Now we have one more to add to the list, the abandonment of grants for first time homebuyers. This is promised in Plaid Cymru’s 2007 Assembly election manifesto which promised “to help first time buyers get a foothold on the property ladder” and to “offer grants of up to £5,000, on a pound for pound match funded basis, to all first time buyers who save for three years in a government-supported scheme.” and it was replicated in the One Wales programme.
When it was first mooted the Welsh Liberal Democrats were critical. In September 2006 Peter Black wrote on his blog: “the Plaid Cymru policy of offering a cash payment of £5,000 towards the cost of a home would be meaningless. It would have little or no impact on my constituent’s ability to buy a home. In fact with a price tag of £75 million a year across the whole of Wales it would tie up a lot of resource with little effect, money that might be better spent on providing affordable homes to buy and for rent.” Our other criticism was that it would distort the market and we stick by that.

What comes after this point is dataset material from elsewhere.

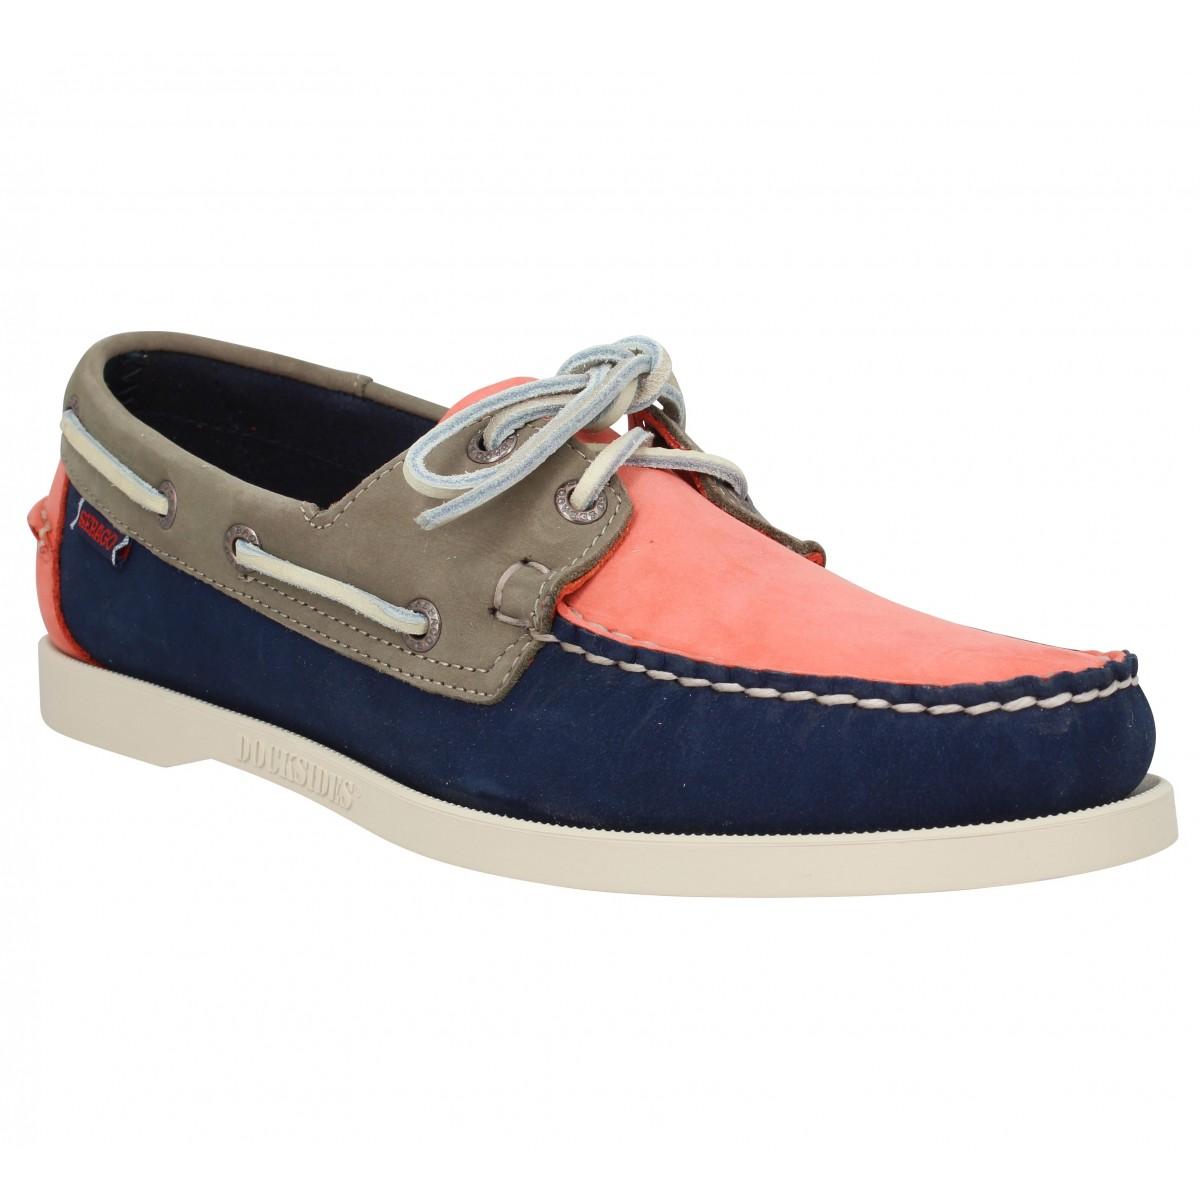 SEBAGO Chaussures Bateaux SEBAGO Docksides Velours Homme

How interesting then to see on page nine of the draft housing strategy, published by a Plaid Cymru Deputy Minister, the following judgement:
Although we have developed a pilot first time buyers scheme which is supporting energy efficiency improvements to first time buyer properties in renewal areas, we are not presently persuaded that direct subsidy to home purchase is a sustainable option for the intermediate market. Direct public subsidy for buyers is likely to contribute to higher house prices once markets pick up.
Yet another One Wales and Plaid Cymru policy that has been abandoned by their own Ministers.